DATA –
--------------------------------

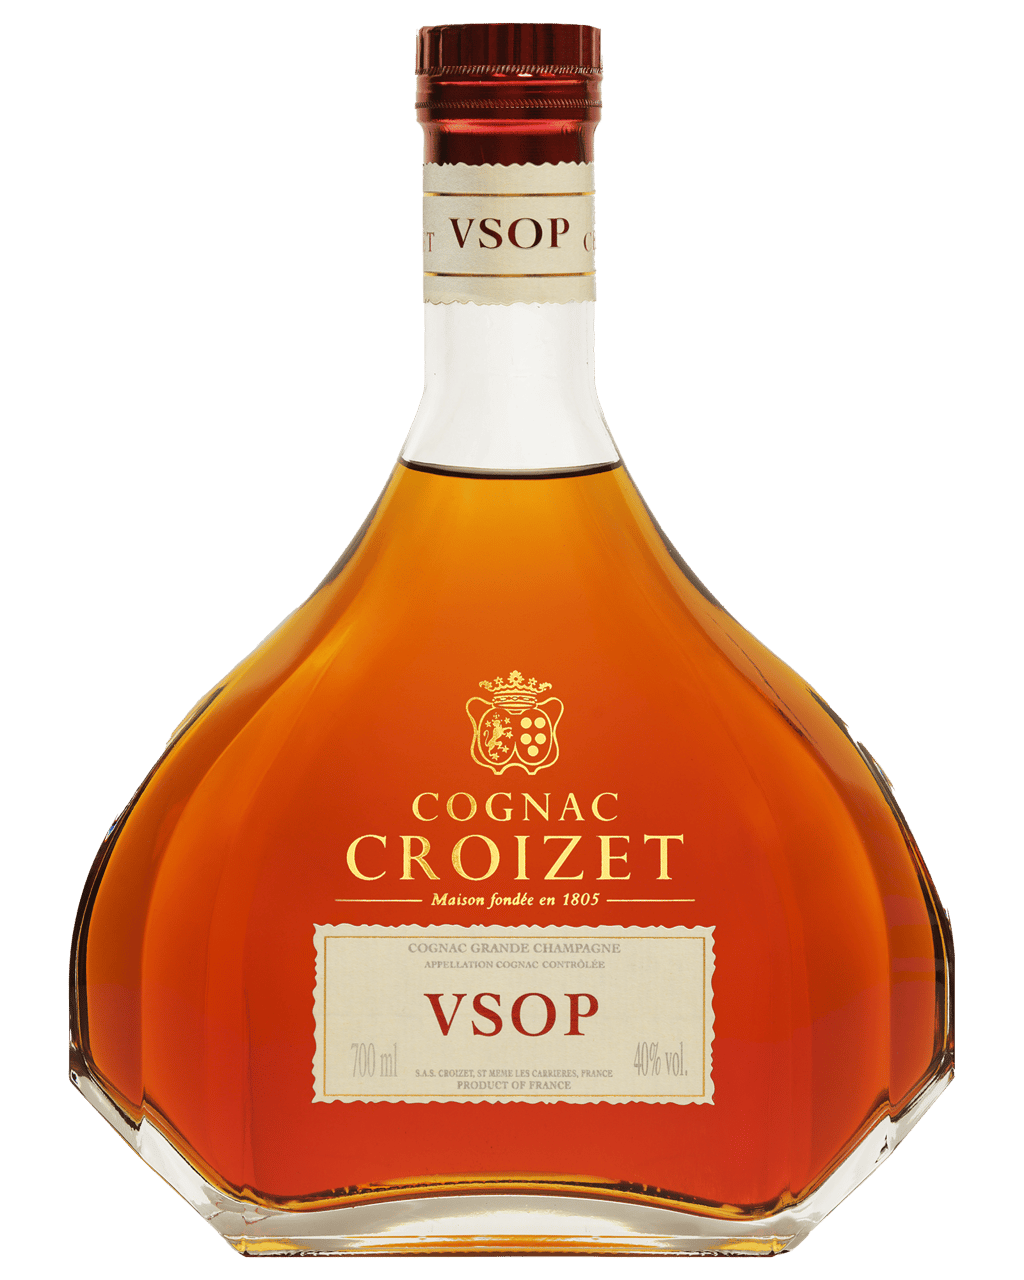 Cognac Croizet VSOP Gold Cognac 700mL Dan Murphys Buy Wine
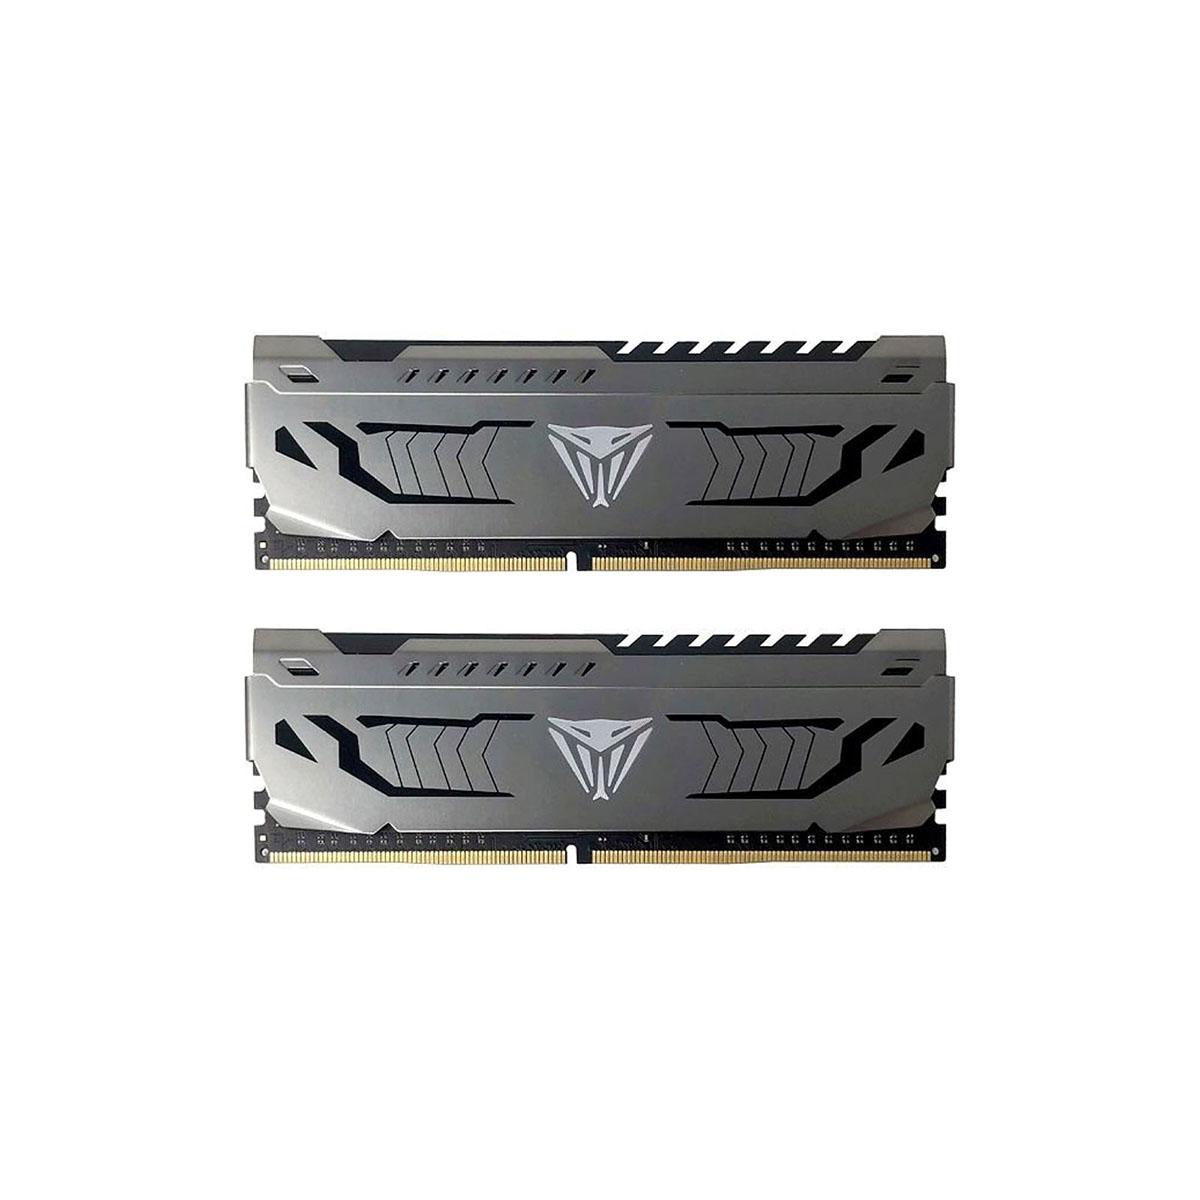 MEMORIA DIMM DDR4 PATRIOT (PVS416G300C6K) VIPER STEEL 16GB 3000MHZ KIT (2X8GB), GRAY HEATSINK,CL16 - PVS416G300C6K
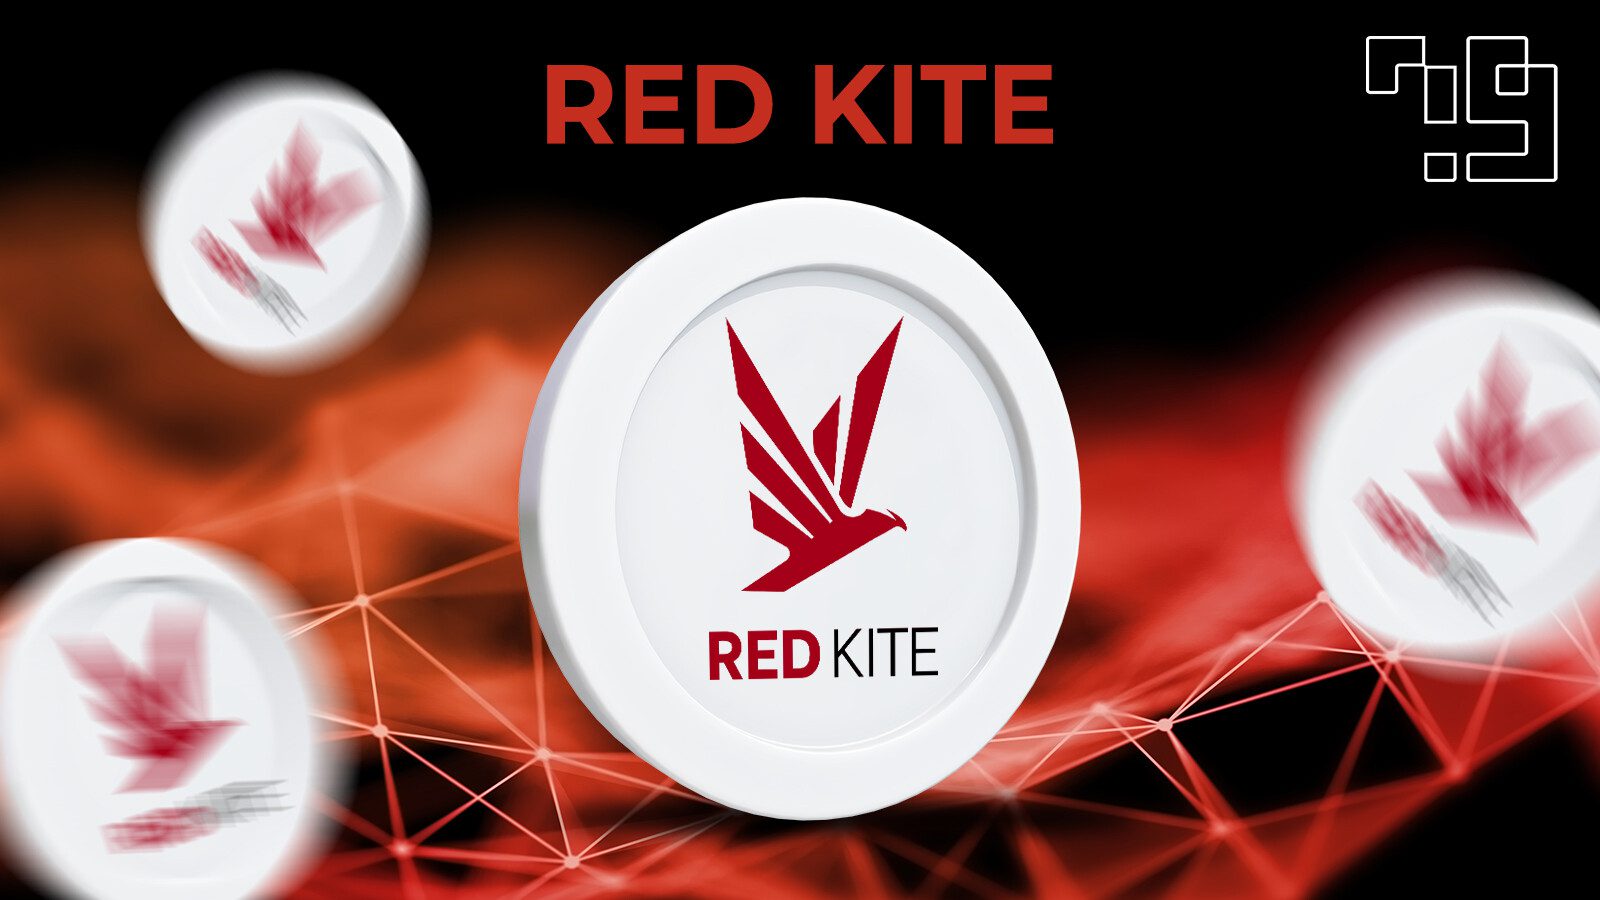 Red Kite là gì? Tổng hợp về đồng PKF Token chủ đạo

--------------------------------

TASK TO CARRY OUT – From the line holding "MEMORIA DIMM DDR4" to the last line of the listing, please output each line exactly as it stands. Pictures stay out of the copy.

SOLUTION –
 MEMORIA DIMM DDR4 PATRIOT (PVS416G300C6K) VIPER STEEL 16GB 3000MHZ KIT (2X8GB), GRAY HEATSINK,CL16 - PVS416G300C6K
 Red Kite là gì? Tổng hợp về đồng PKF Token chủ đạo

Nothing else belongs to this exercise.